(Exercise data)
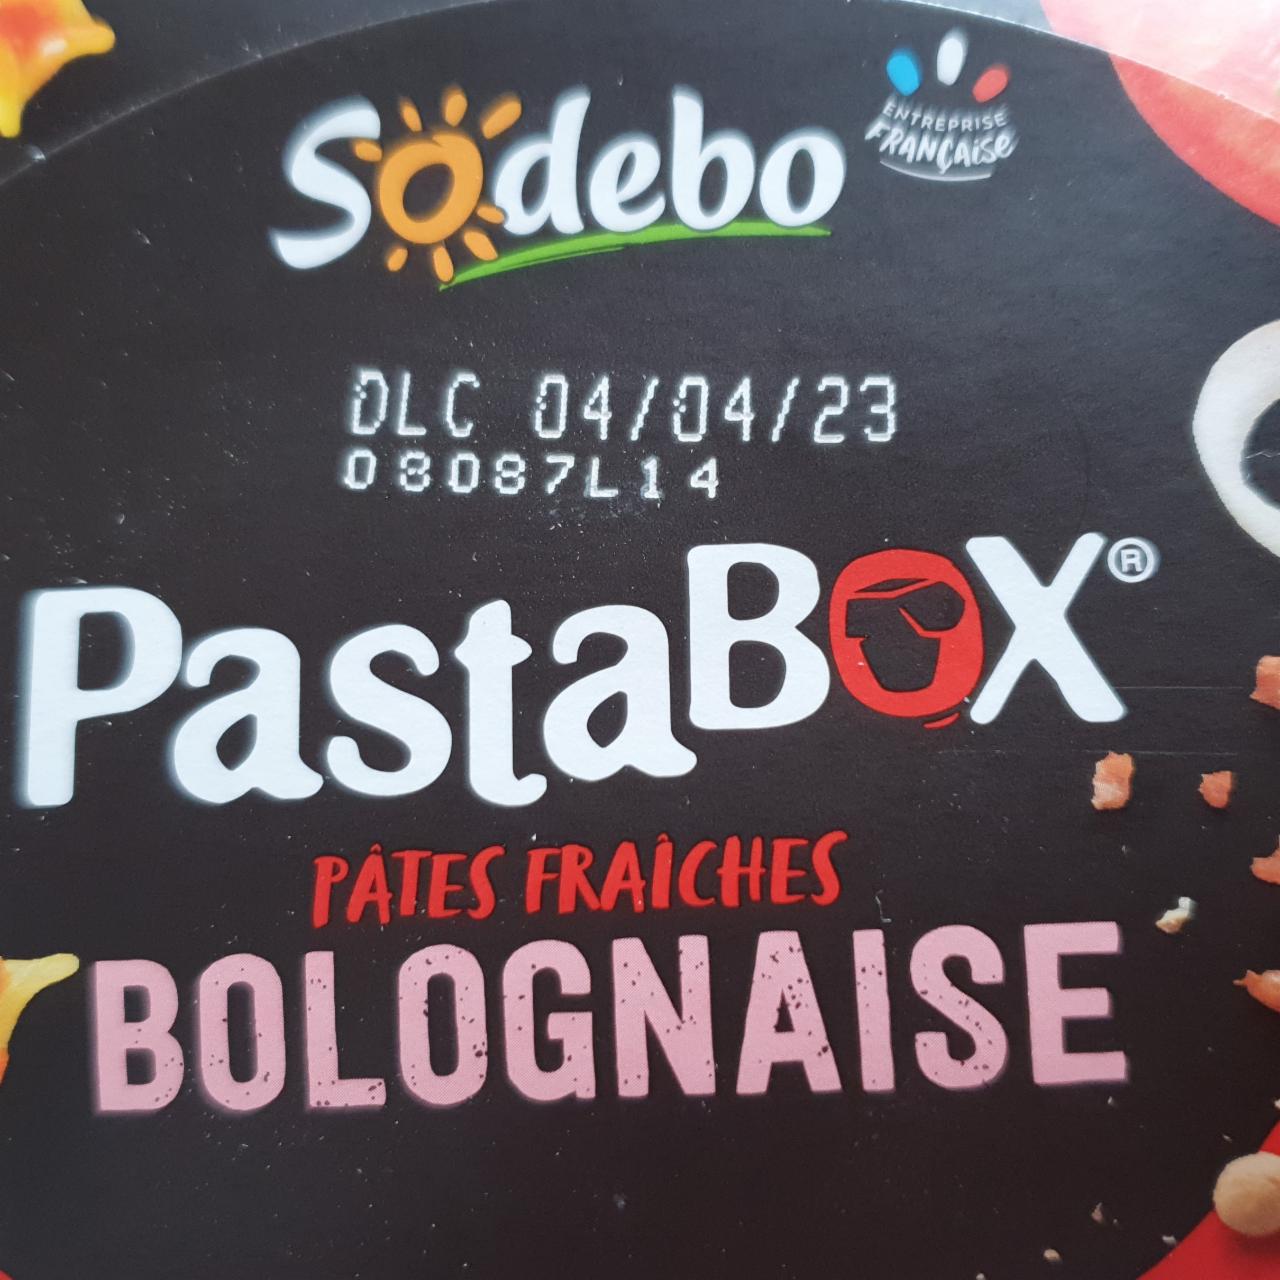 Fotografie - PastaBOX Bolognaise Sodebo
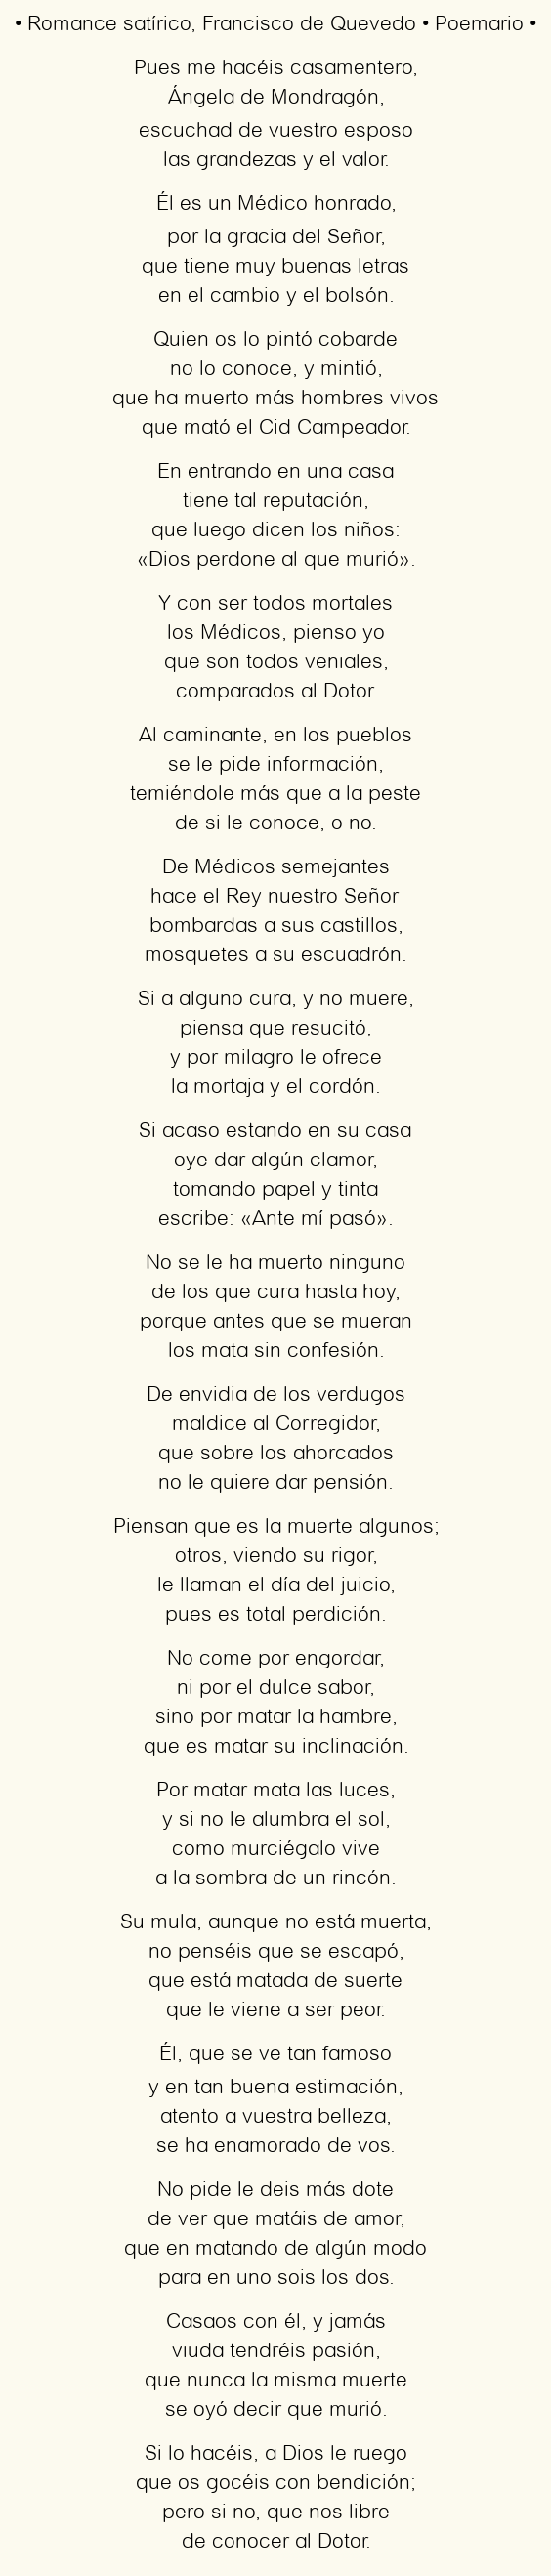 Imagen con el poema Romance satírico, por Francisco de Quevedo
* * *
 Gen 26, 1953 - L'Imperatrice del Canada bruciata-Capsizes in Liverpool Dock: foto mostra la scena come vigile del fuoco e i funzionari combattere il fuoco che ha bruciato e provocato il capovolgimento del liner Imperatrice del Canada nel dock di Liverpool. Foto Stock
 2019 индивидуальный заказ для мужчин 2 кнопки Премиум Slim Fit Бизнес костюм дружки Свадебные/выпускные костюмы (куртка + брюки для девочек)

(Instructions for the task) Only one part of the listing is wanted: the lines from the one containing "Fotografie - PastaBOX Bolognaise Sodebo" through the one containing "Imagen con el", both included. Please transcribe it exactly, leaving out the pictures.

(Response to the task)
 Fotografie - PastaBOX Bolognaise Sodebo
 Imagen con el poema Romance satírico, por Francisco de Quevedo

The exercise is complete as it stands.